Point 2 seems to work very well in other existing applications, eg DTP,
often with display requirements exceeding the complexity of common web
page layouts.

When split from point 1, I don't see what stops point 2 being
implemented efficiently.

I don't think there is much difficulty decoding IMG formats into
(cached) sprites, from eg GIF, PNG, JPEG, BMP, and to a lesser extent,
SVG. While this takes appreciable time on earlier machines, recent
technology seems to handle it at imperceptible speed.
I think there could a speed saving, nonetheless, by used a hardware
solution for this in, eg, a GPU or other sub-computing component, like
an FEP (Front-End processor) or similar (although it would be
"middle/side-end processing").


TECHNICAL OPINION

The above covers my opening question. Below are Ian's and Moss's initial
replies before we ran out of time:

Issues raised were:

 * Image Translation
 * Memory Paging
 * Bus Feed
 * No Native FPU


MEMORY PAGING (Moss & Ian)

(We got the farthest on this point, and didn't have time to define the
other points.)

I asked, particularly in relation to Browser performance, how system
efficiency could be raised by running an all-static-RAM system, and what
obstacles there are to further optimisations.

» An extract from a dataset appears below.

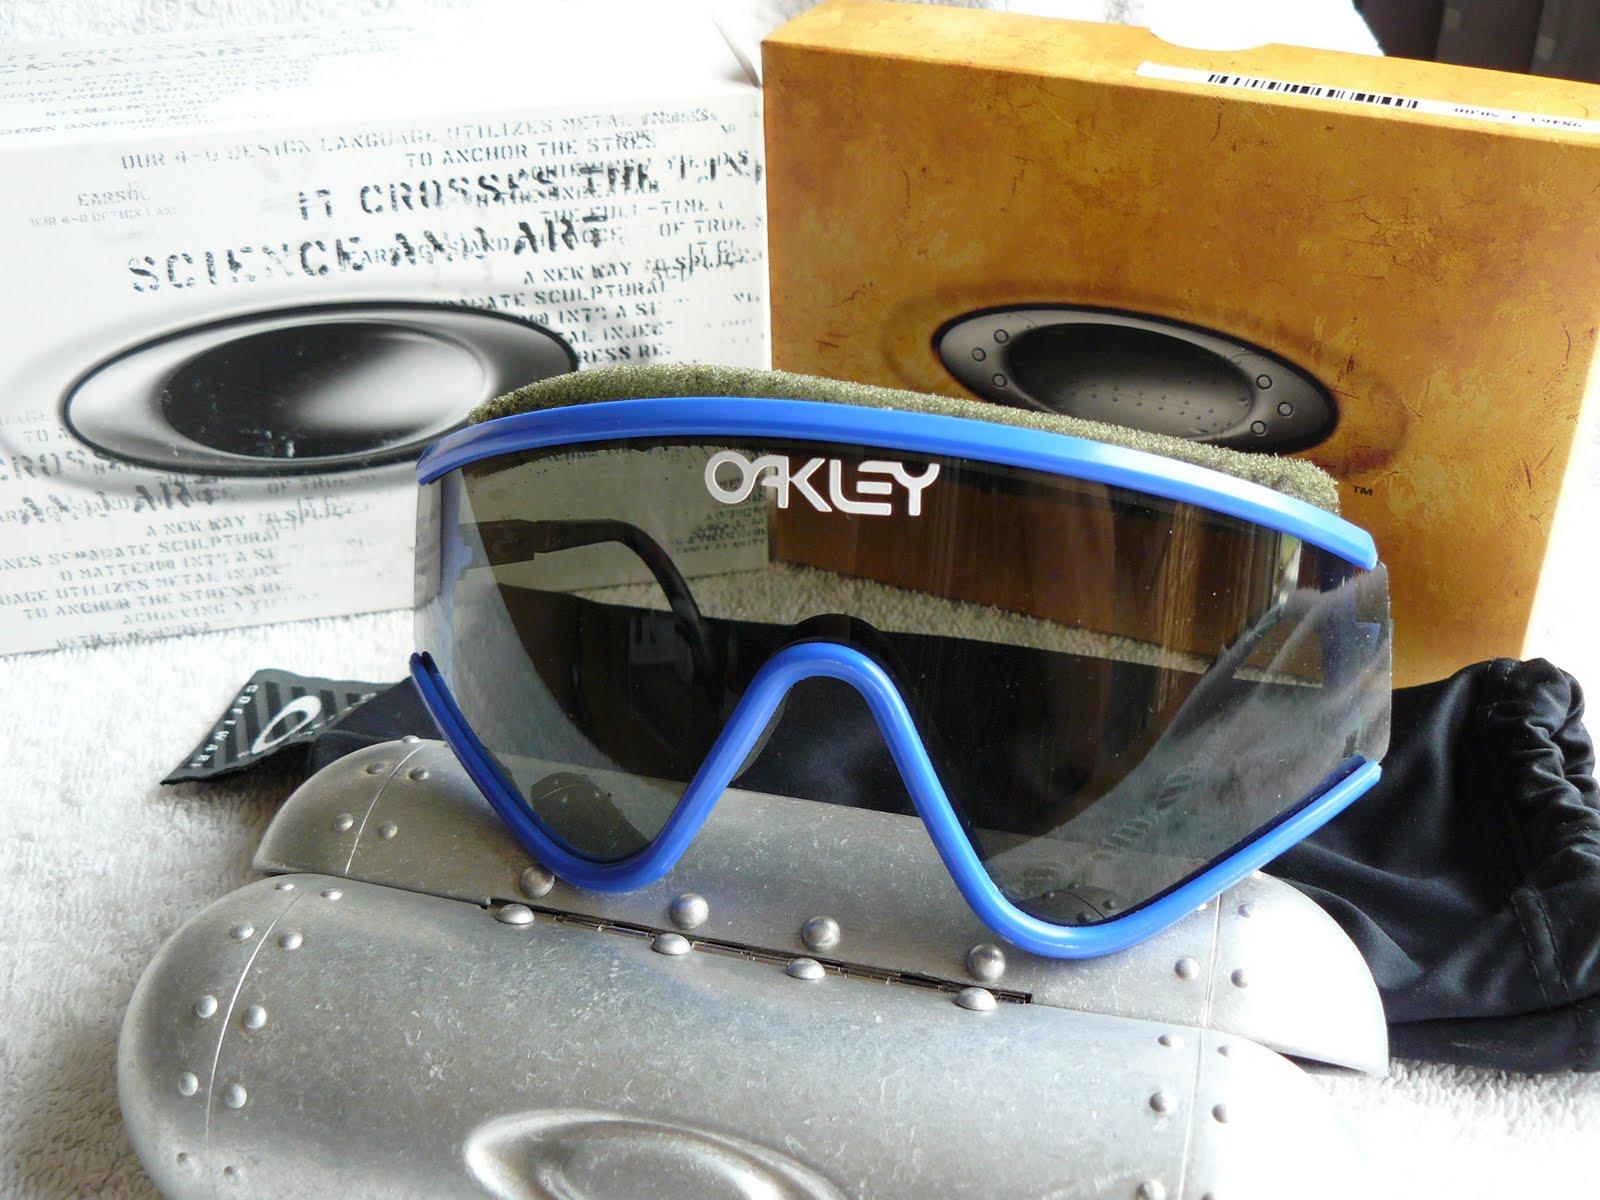 fc859ff96b75 Me and my Oakley: My Vintage Oakleys

This relates to what was formerly controlled by the MEMC (Memory
Controller), and is now presumably integrated into the ARM chip or stuck
on the side with glue logic(?)

Moss believed the most serious limitation to be the restriction to
accessing 26b (4Mb) pages of RAM at a time, which required the address
offset to be looked up in the page memory, by the MEMC or equivalent
(hereafter referred to as "MMU" (Memory Management Unit) for simplicity).

The number of cycles for a memory read would normally be:
 1. Page lookup (SRAM)
 2. Main DRAM Read/Write
 3. Pause for DRAM refresh cycle
Screen display scan cycles are presumably handled by the GPU now(?)

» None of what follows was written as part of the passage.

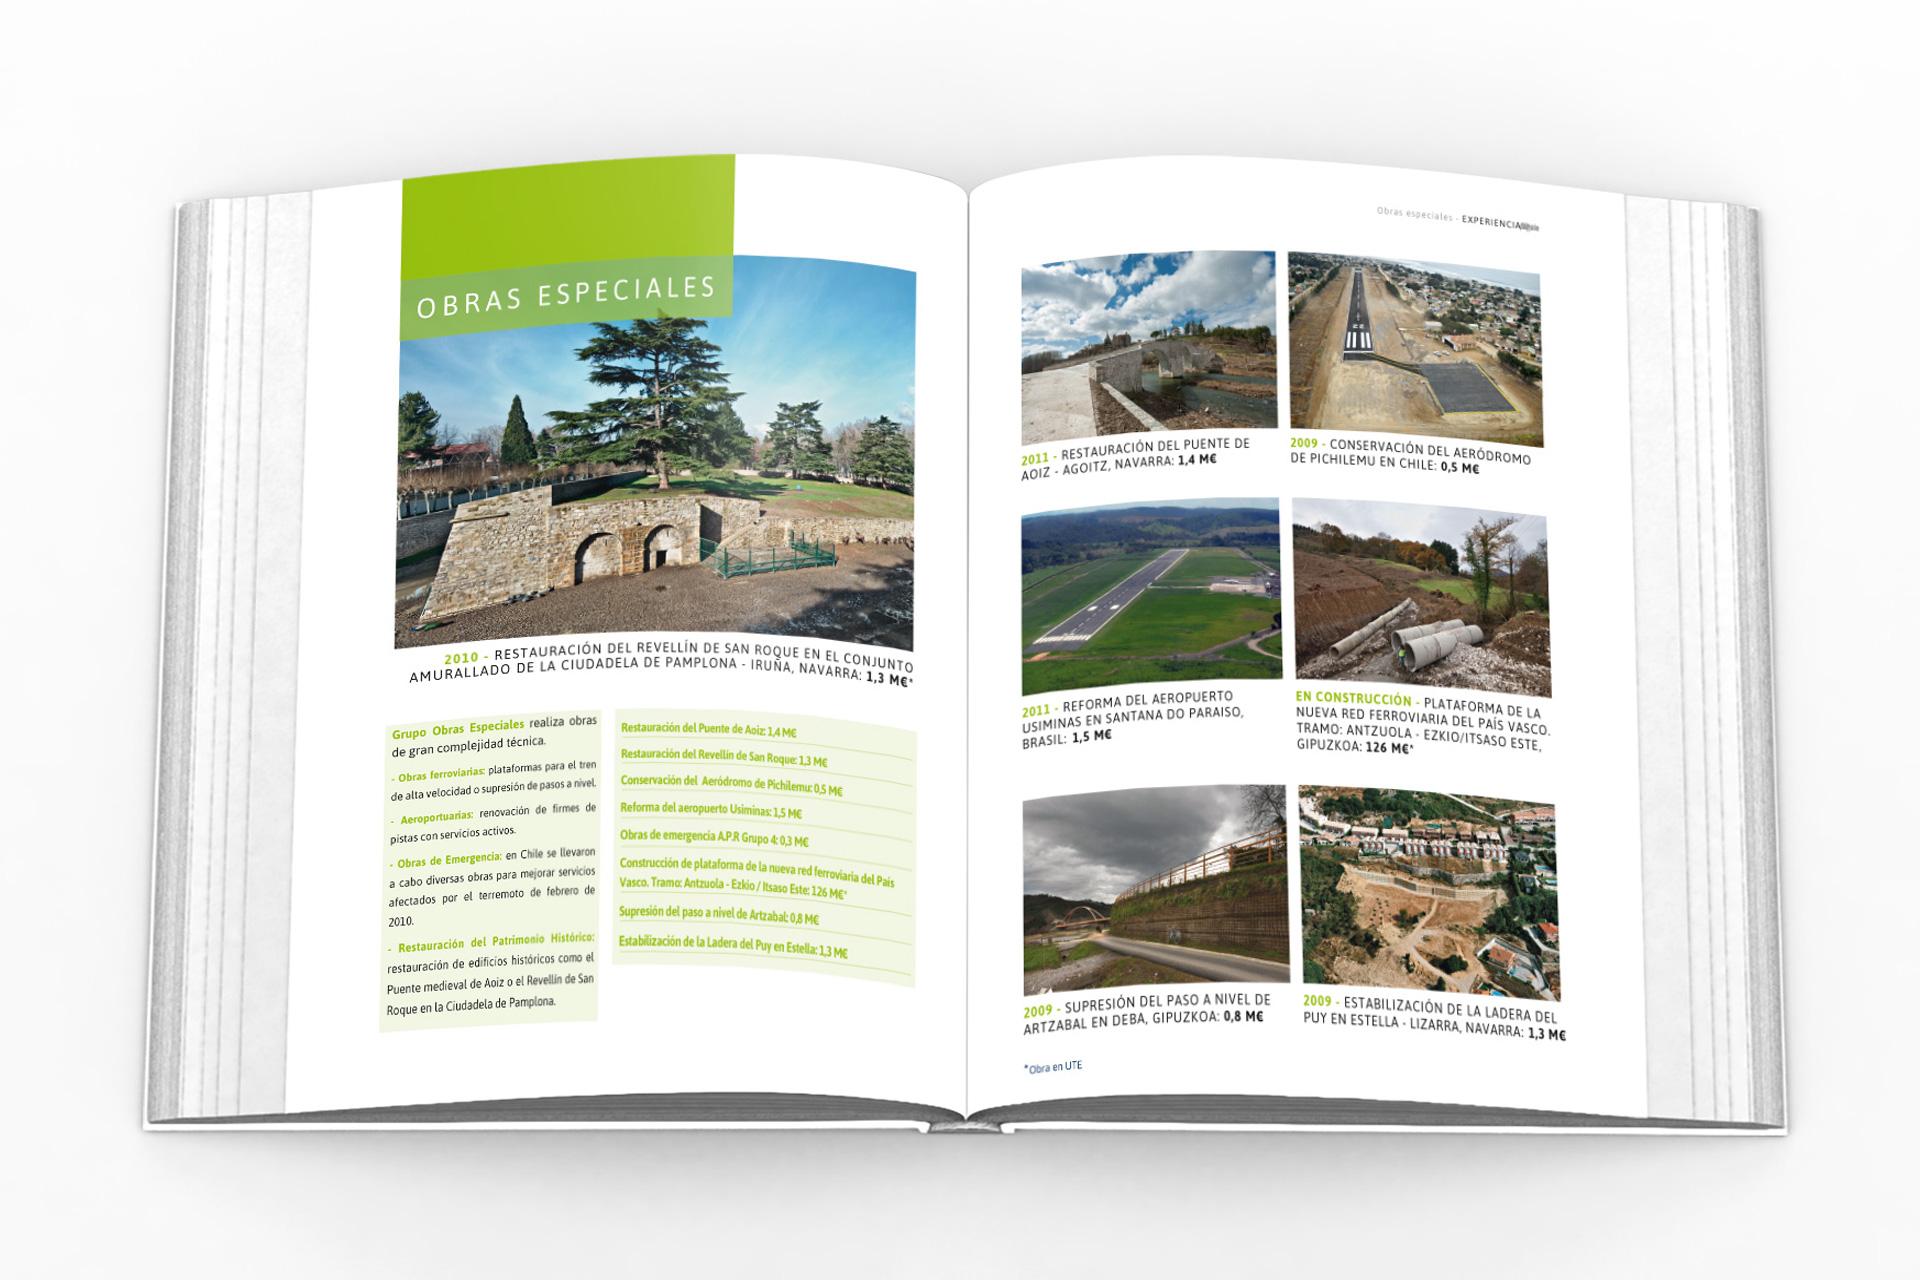 memoria anual grupo obras especiales 2011

Using SRAM (Static RAM) in place of DRAM (Dynamic RAM) for the main
store would knock out (3), but the CPU would still be left twiddling
it's THUMBs (sorry) for one of the two cycles remaining.

The points I wanted to ask about this were:

If the MMU can't simply be replaced by an Adder because the contents of
it's page memory are defined by hidden circuitry, couldn't either the
hidden circuitry be duplicated and read into the adder, or a consistent
"fake" number be generated for each real lookup. If the fakes were
consistent (ie generated through logic from the lookup value), shouldn't
that work just as well?

And how are the page values calculated, anyhow?

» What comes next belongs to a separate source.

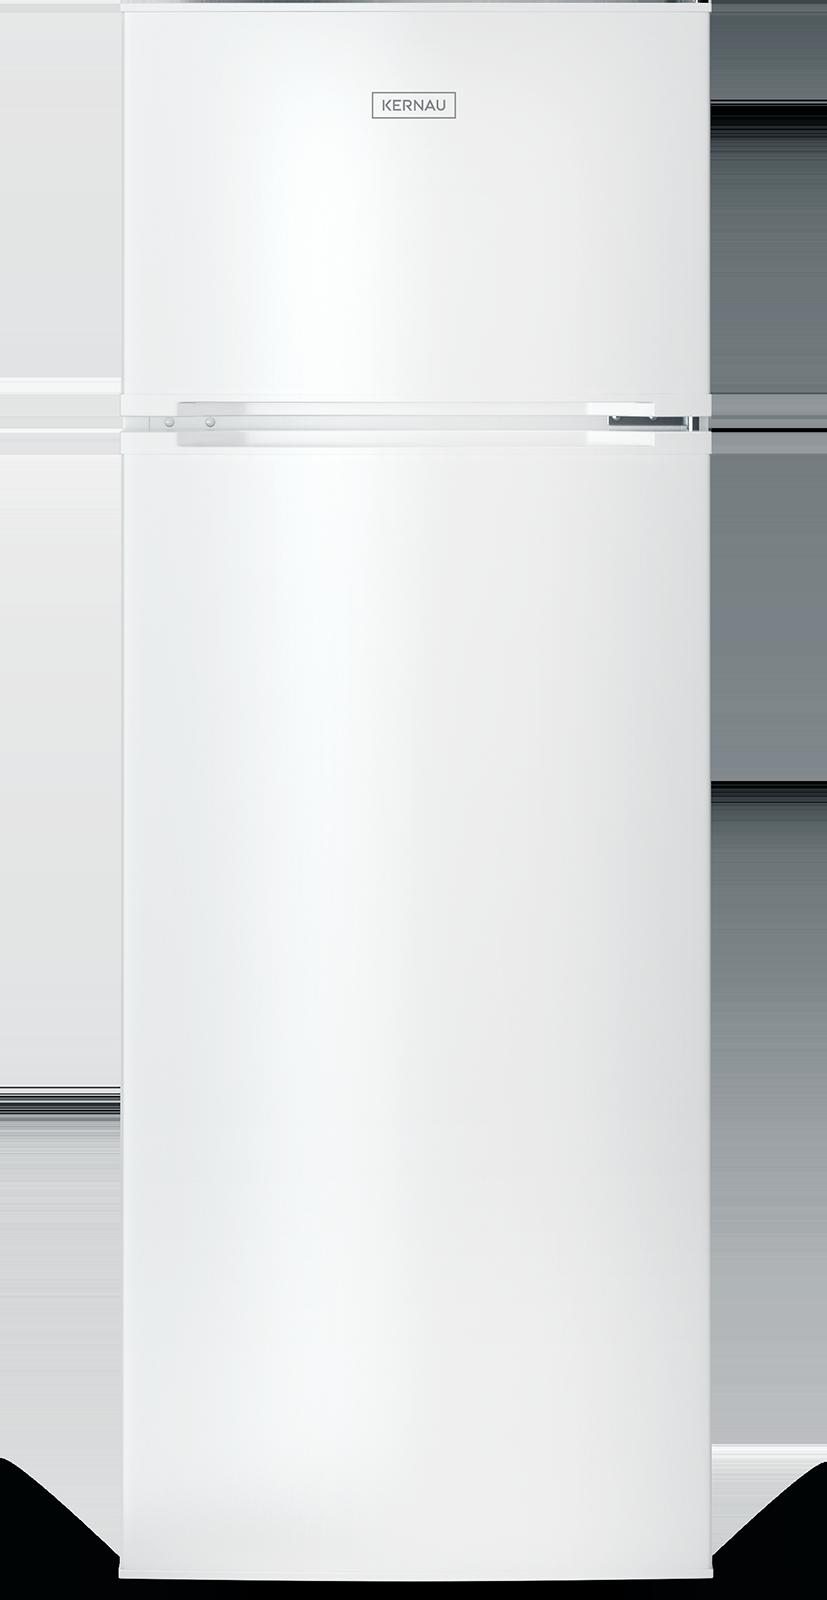 Freistehende Kühlschrank Kernau KFRT 12151 W

Alternatively, if we made do with just 4Mb main store (for the stake of
argument), we wouldn't need any page switching, and this could be
switched off, or with just 8Mb main store, it would be easy to guess
(normal=0, other=1)?

Further, if we use a 32b ARM, wouldn't the page length be also increased to
32b (128Mb)?
-Then we could run "frugally" with 128Mb (or 256Mb with "guess logic")?
-I know the IOP/XScale used in the Iyonix are all 32b, have the
ARM7/9/11/Cortex followed suit? (See also last point, below.)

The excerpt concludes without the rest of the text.